The stages are held in a java list, and composed together with a reduce operation, and then ran on the input definition. But, this is done repeatedly, moving the stage in question up by one position in the list each time.

I have more stages to check, but I've found so far that removeAnywhereRules and markExtraConcreteRules have been able to be pulled all the way to the front of the pipeline without breaking it. I think these are only supposed to operate on user supplied rules, so it makes sense that they work fine before any transformations that add new rules.

addCoolLikeAtt can be pulled to the front, but I'm less sure that this would be correct. cool-like is meant to be added to rules that have the k cell, holding a k sequence with a variable at the top. It's an attribute that the llvm-backend matching tree generation uses to apply a special priority that optimizes the tree. Aside from cooling rules that use the cool attribute, I'm not sure what other kinds of generated rules can appear that would be changed by this pass.

One thing to note is that this only tests for breakages in the pipeline during compilation, further testing is needed in the regression tests and downstream for any changes that we might want to make.

@Baltoli
Copy link
Collaborator

Baltoli commented Feb 16, 2024

This is very cool!

I have more stages to check, but I've found so far that removeAnywhereRules and markExtraConcreteRules have been able to be pulled all the way to the front of the pipeline without breaking it. I think these are only supposed to operate on user supplied rules, so it makes sense that they work fine before any transformations that add new rules.

Perhaps open a PR that moves these to the front of the list explicitly, and adds a comment noting that they have no dependencies on later passes and are designed to apply directly to user code. If there's any low-hanging fruit to be done here in terms of code cleanup, refactoring etc. then it might be a good time to do so.

addCoolLikeAtt can be pulled to the front, but I'm less sure that this would be correct. cool-like is meant to be added to rules that have the k cell, holding a k sequence with a variable at the top.
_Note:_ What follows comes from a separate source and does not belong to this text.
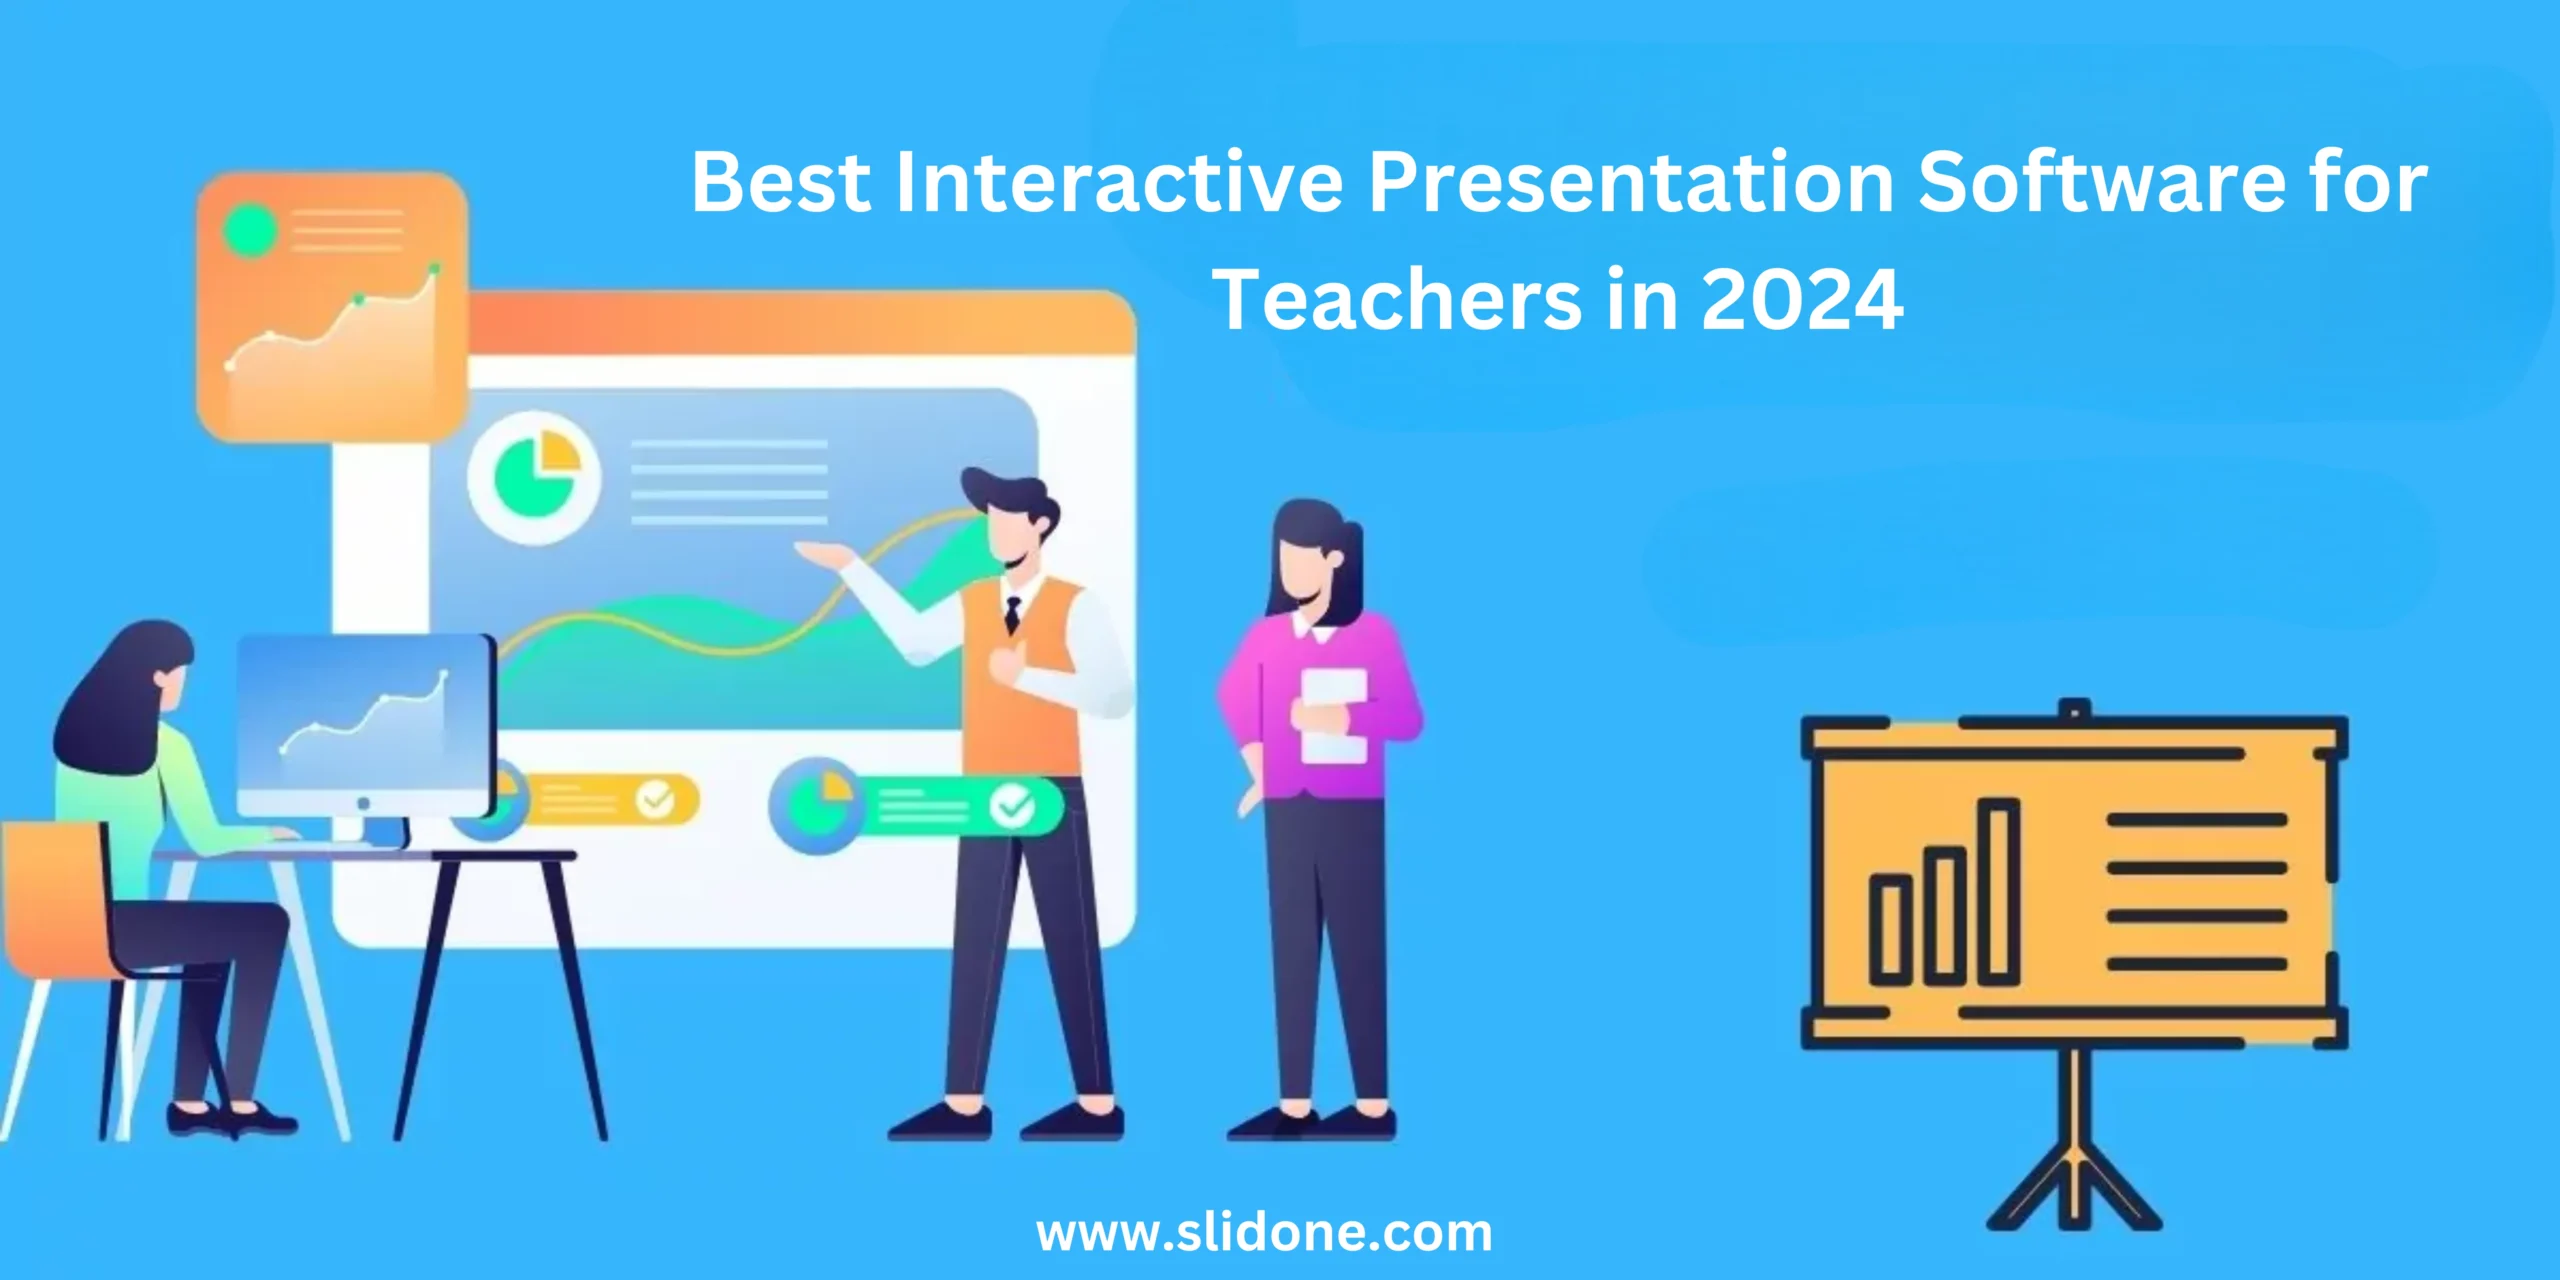 Best Interactive Presentation Software for Teachers in 2024

It's an attribute that the llvm-backend matching tree generation uses to apply a special priority that optimizes the tree. Aside from cooling rules that use the cool attribute, I'm not sure what other kinds of generated rules can appear that would be changed by this pass.

Indeed - as we said in the K meeting, we don't necessarily have an a priori assumption that it will be correct to move everything around. If there's something with non-obvious dependencies like this one, then it's perfectly fine to leave it out and come back to refactoring it in the future if needs be.

@ehildenb
Copy link
Member

ehildenb commented Feb 22, 2024

It would be nice if we could do these experiments without having ot rebuild K. That would require making it so that the compiler passes we choose ot include can be set on the CLI instead of directly hardcoded in this file.

Would it be possible to attach a string identifier to each compiler pass, and then build up this list of passes dynamically instead of statically? That would also allow for much easier downstream testing of moving the compiler passes around and figuring out their dependencies. Additionally, we could then also have tests that only run a part of the compiler pipeline (perhaps loading the JSON KAST, running a compiler pipeline step, then dumping the resulting JSON Kast), which would be a much more tailored test than the end-to-end integration tests we currently have.

@Baltoli
Copy link
Collaborator

Baltoli commented Feb 22, 2024

A couple of things I noticed when looking through the code that builds the compilation pipeline:

  • We build a lot of similar passes multiple times because the description string being passed to ModuleTransformer etc. breaks compositionality.
  • We have a lot of ad-hoc lambdas being built to close over the definition in question; this might be a common enough pattern that it's worth building into whatever the solution looks like.
  • This is a good opportunity to clear up some of our Scala code; we want to remove this all in the long term so it would be good for whatever the solution here is to be Java.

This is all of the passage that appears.